I'm having a frustrating time attempting to set up a test environment with Index Clustering and I've reached a tipping point! I've searched online for answers but I'm not finding anything substantial that's been able to fix my problem. The VM network that I set up has one Deployment Server (DS), a Master Node (MN), a Search Head (SH), 3 Indexers, and 2 Forwarders. I set the Replication Factor to 3, and the Search Factor to 2. I followed the following steps to set up the network and create the index cluster:
Created VMs, installed Splunk on each box, pinged entire network to ensure connectivity between every VM.

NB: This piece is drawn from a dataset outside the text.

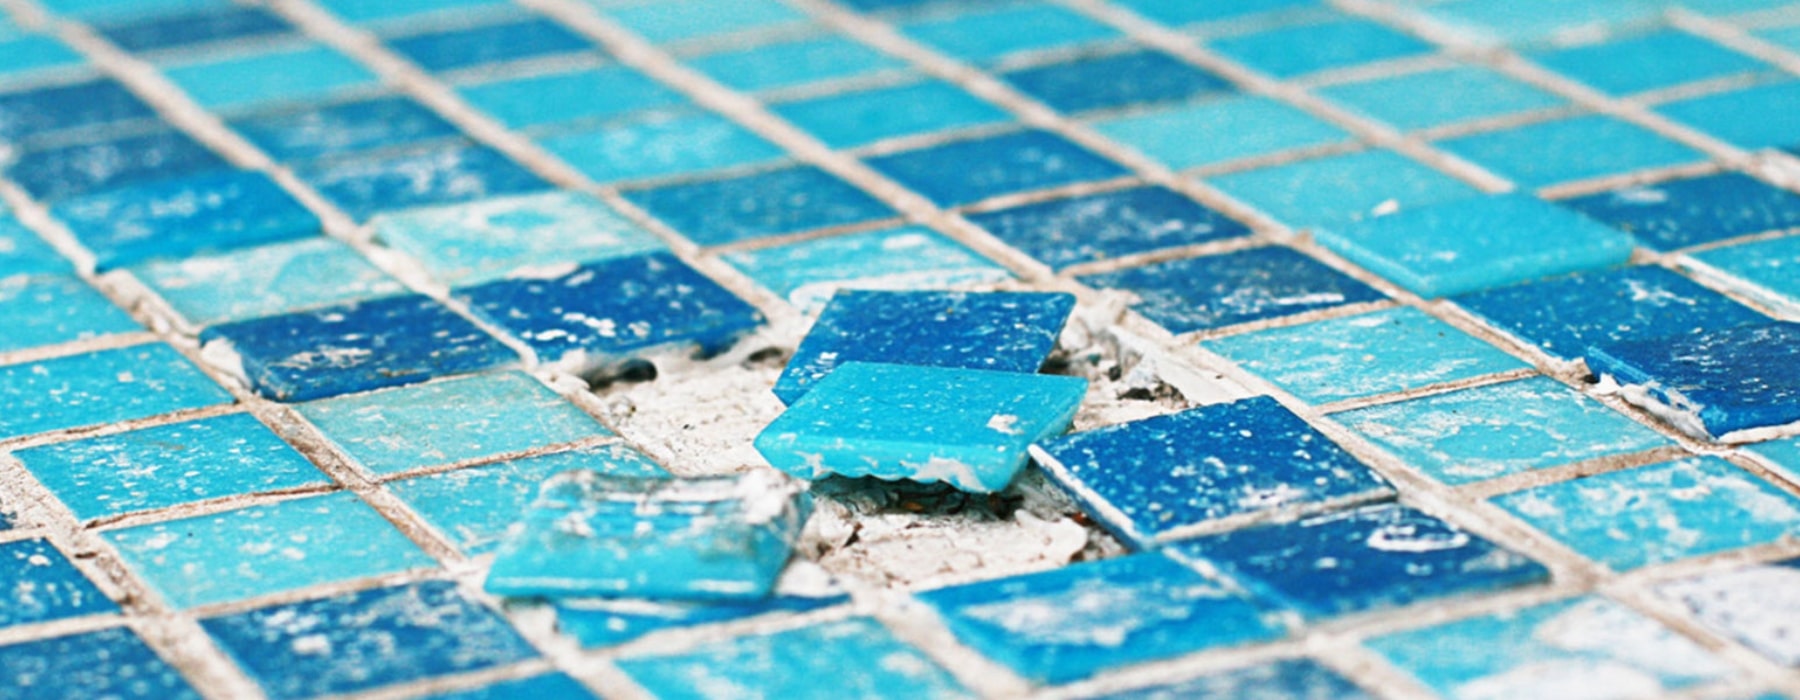 Restructuring a swimming pool

On the DS I configured some Apps, created some server classes, and organized the forwarders all nice and neat-like.
On the MN I enabled indexer clustering via UI and set everything to default values and created a simple password for the cluster.
I enabled each indexer as a peer node and connected them to the MN via UI - I received an error saying they couldn't communicate with the MN or the Replication Factor hadn't been met yet.
Finally, I enabled the SH via UI.
This is where I'm running into some problems. I haven't begun sending data from my forwarders yet but the _audit and _internal aren't being replicated fully, there's only one replicated and searchable copy between all three. I've waited for over an hour while I worked on other projects but the replication has stayed the same. There's a few buckets that were replicated to other indexers but after a brief period of time they stopped, so 4/10 buckets would become 5/11, then 6/12, etc...
So far I have tried:
Checked that all relevant ports were being used by Splunk.
Navigated to the "Bucket Status" page to try and find a manual solution.
Uninstalling and reinstalling Splunk entirely. (yes)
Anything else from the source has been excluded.